## Stored data
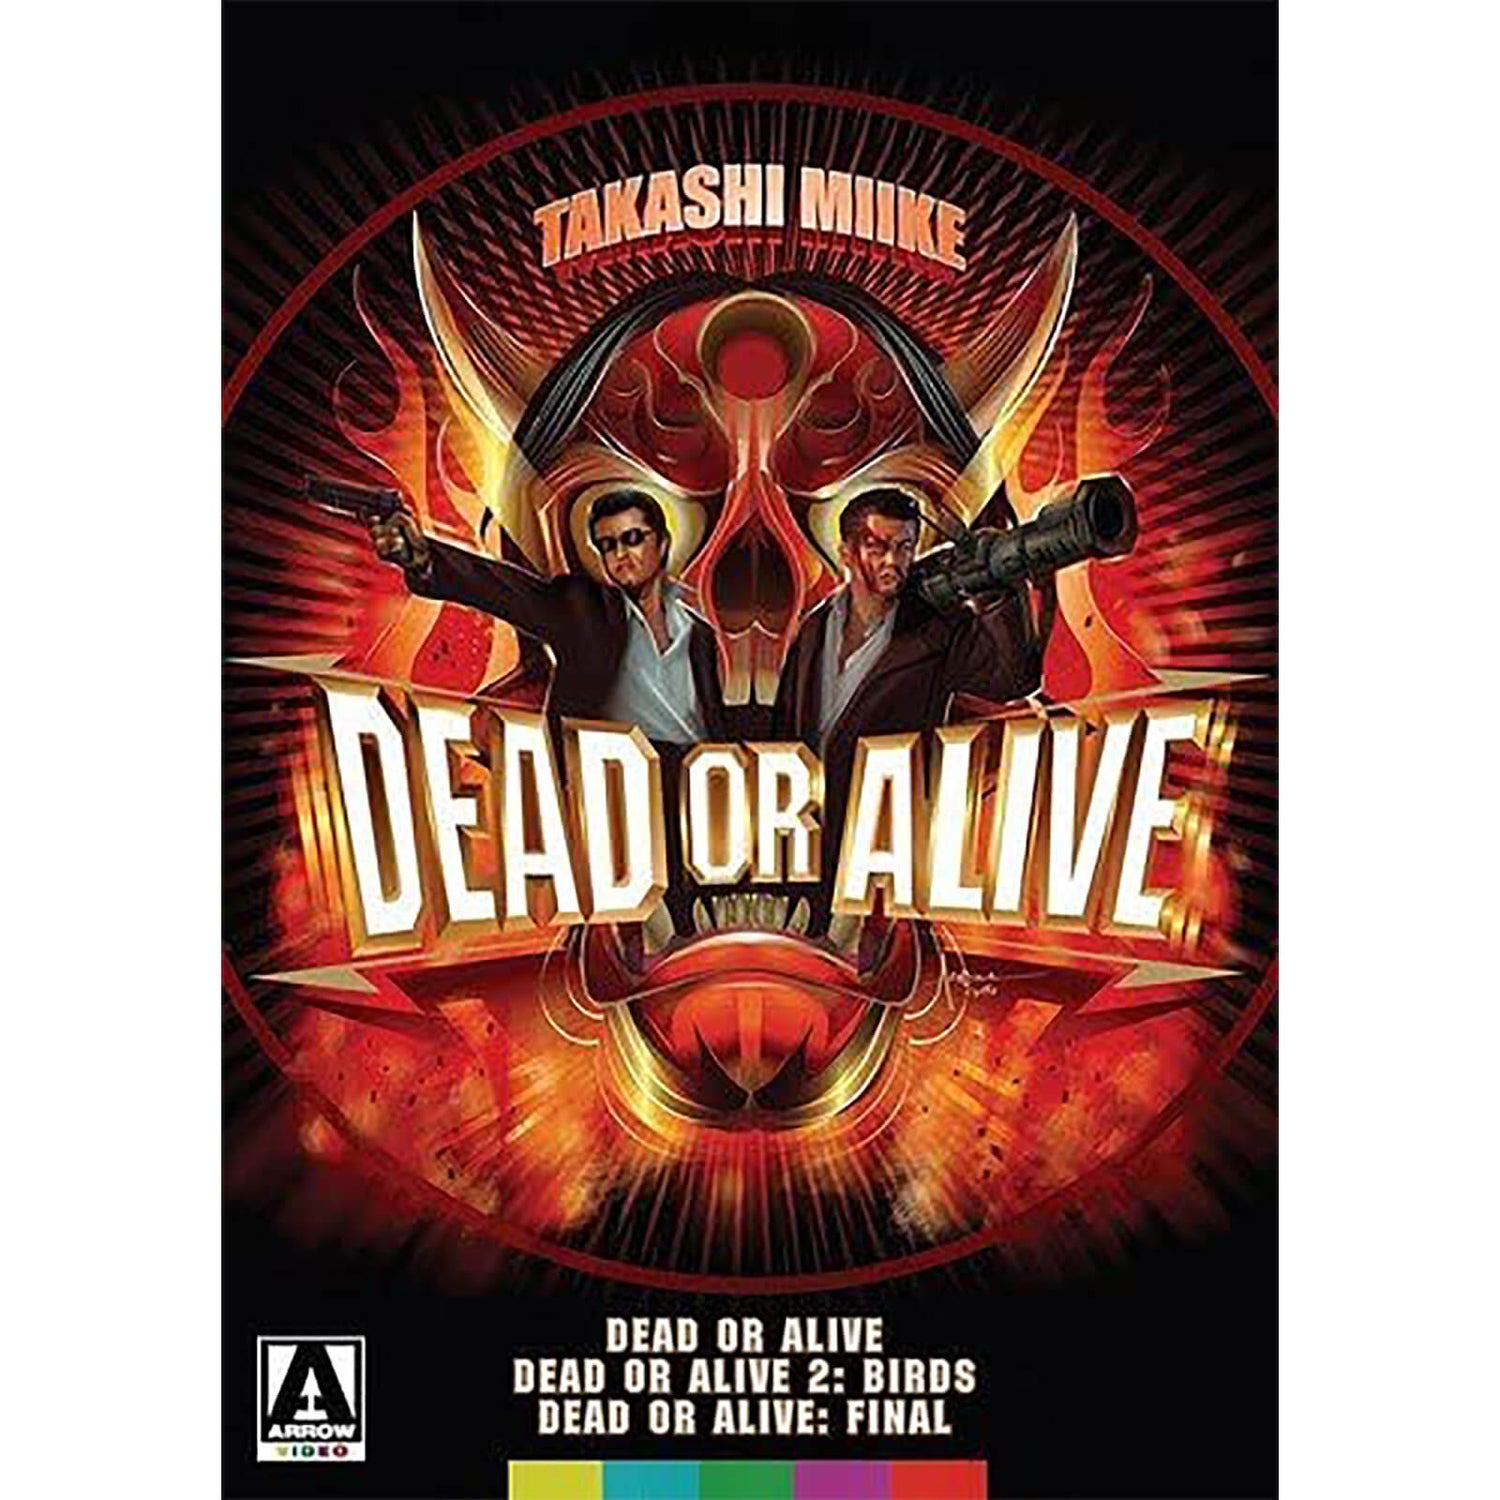 Dead Or Alive Trilogy DVD
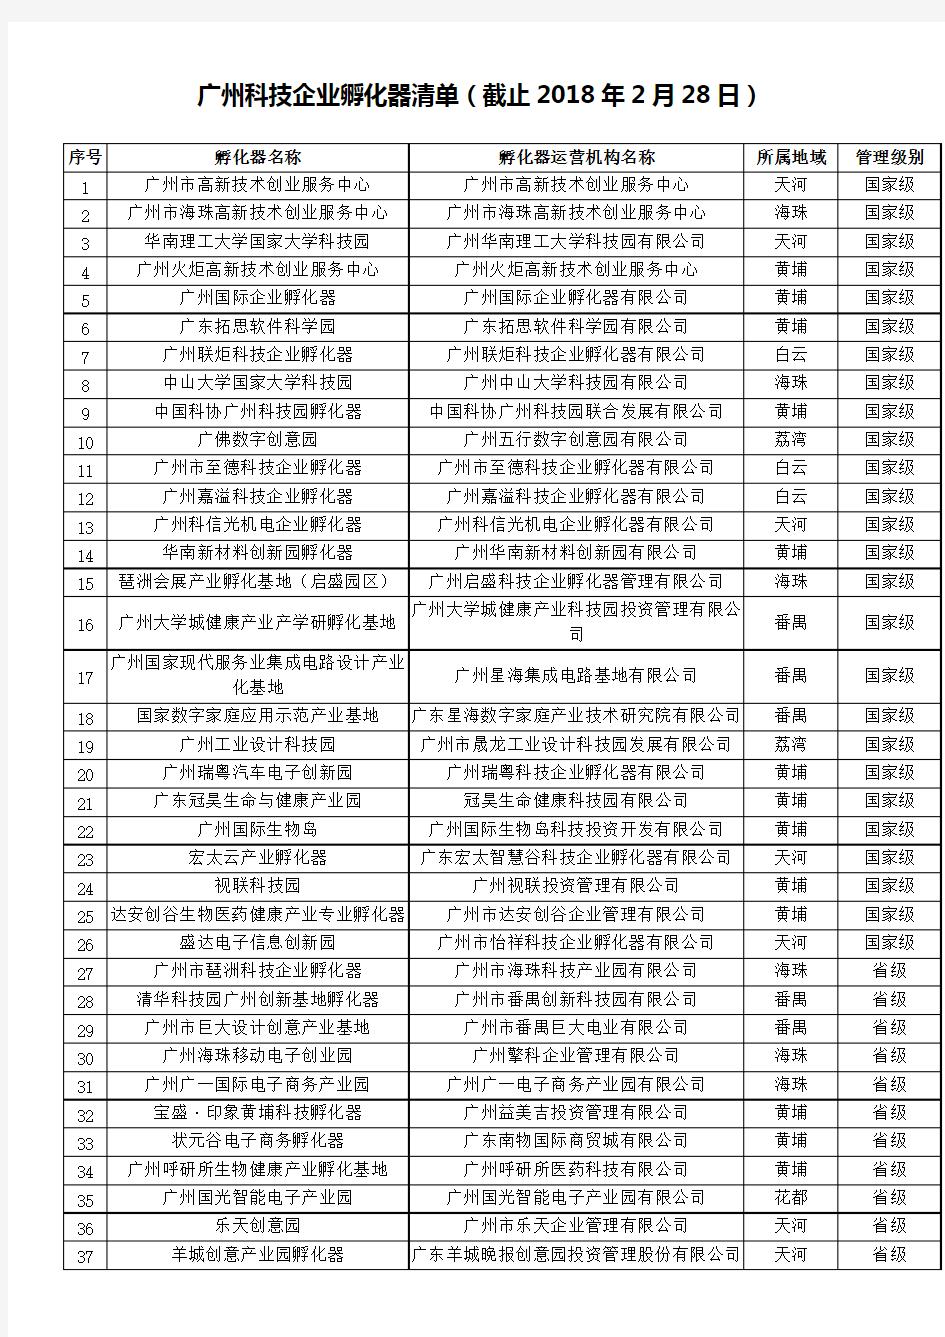 广州科技企业孵化器清单(截止2018年2月28日)(最新整理)
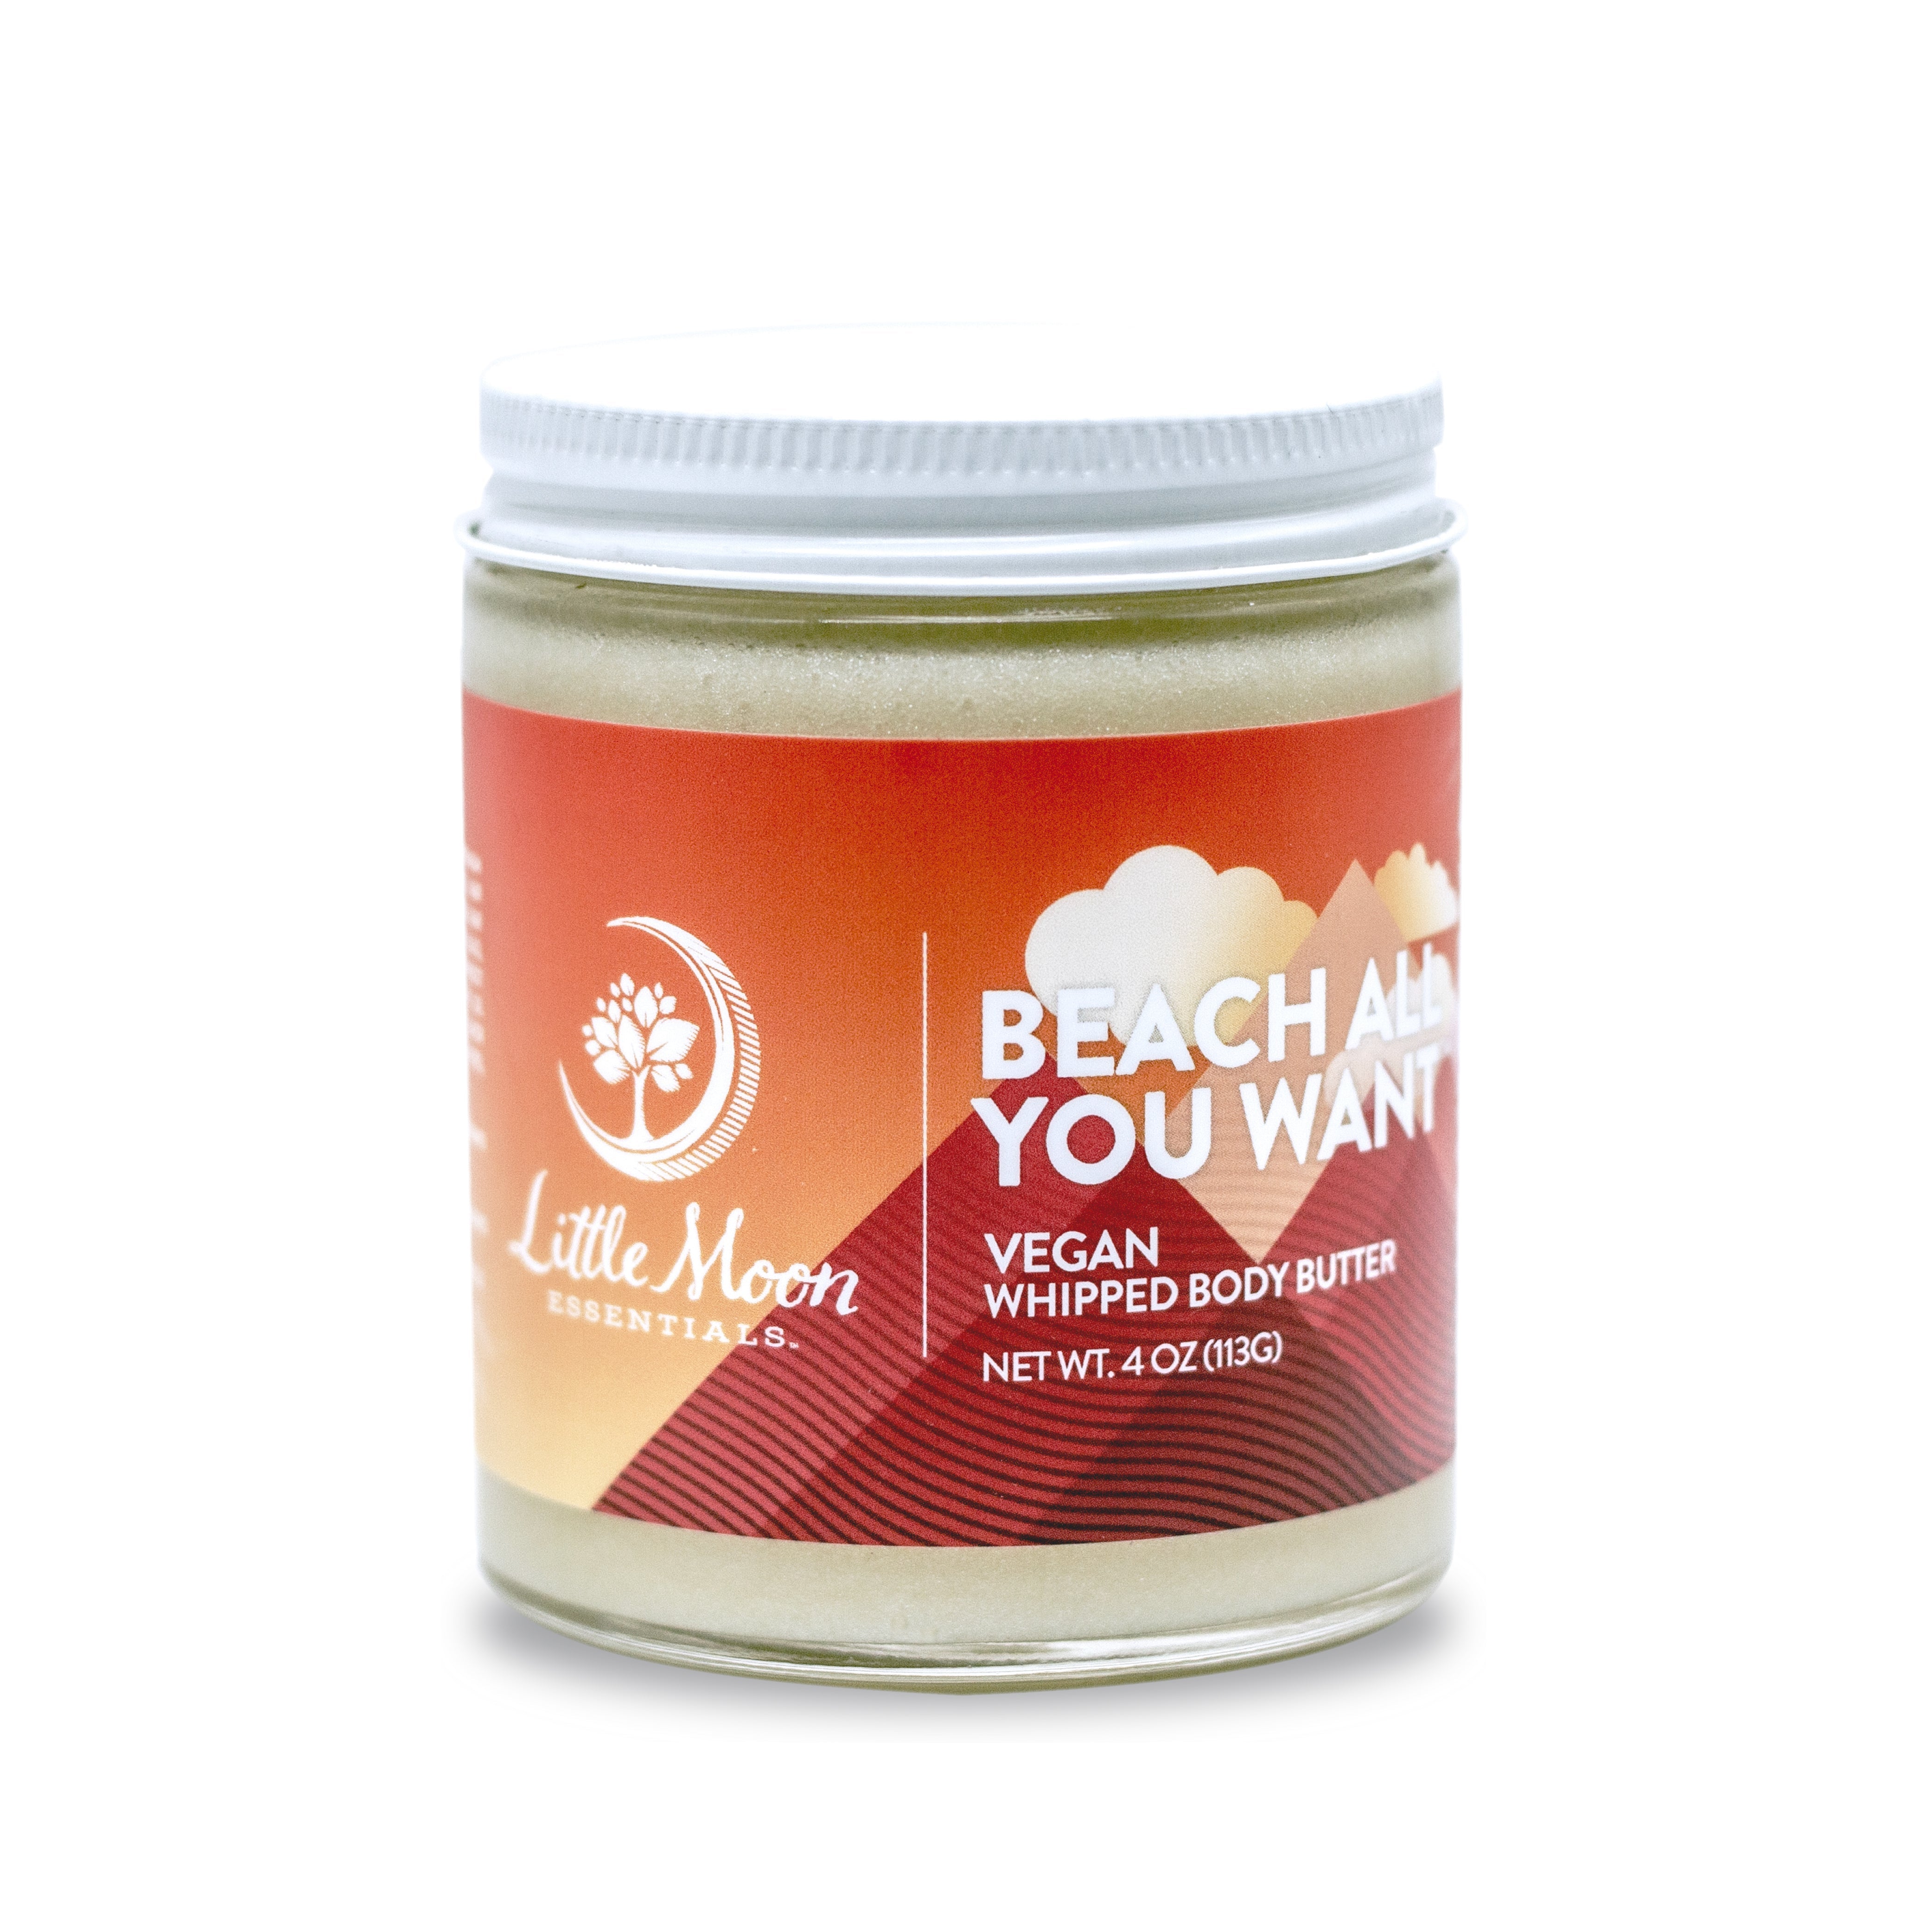 *NEW* Beach All You Want™ Vegan Body Butter - Little Moon Essentials

## Problem
Keeping pictures out, repeat exactly the lines from the one containing "广州科技企业孵化器清单(截止2018年2月28日)(最新整理)" through the end of the listing.

## Result of this exercise
 广州科技企业孵化器清单(截止2018年2月28日)(最新整理)
 *NEW* Beach All You Want™ Vegan Body Butter - Little Moon Essentials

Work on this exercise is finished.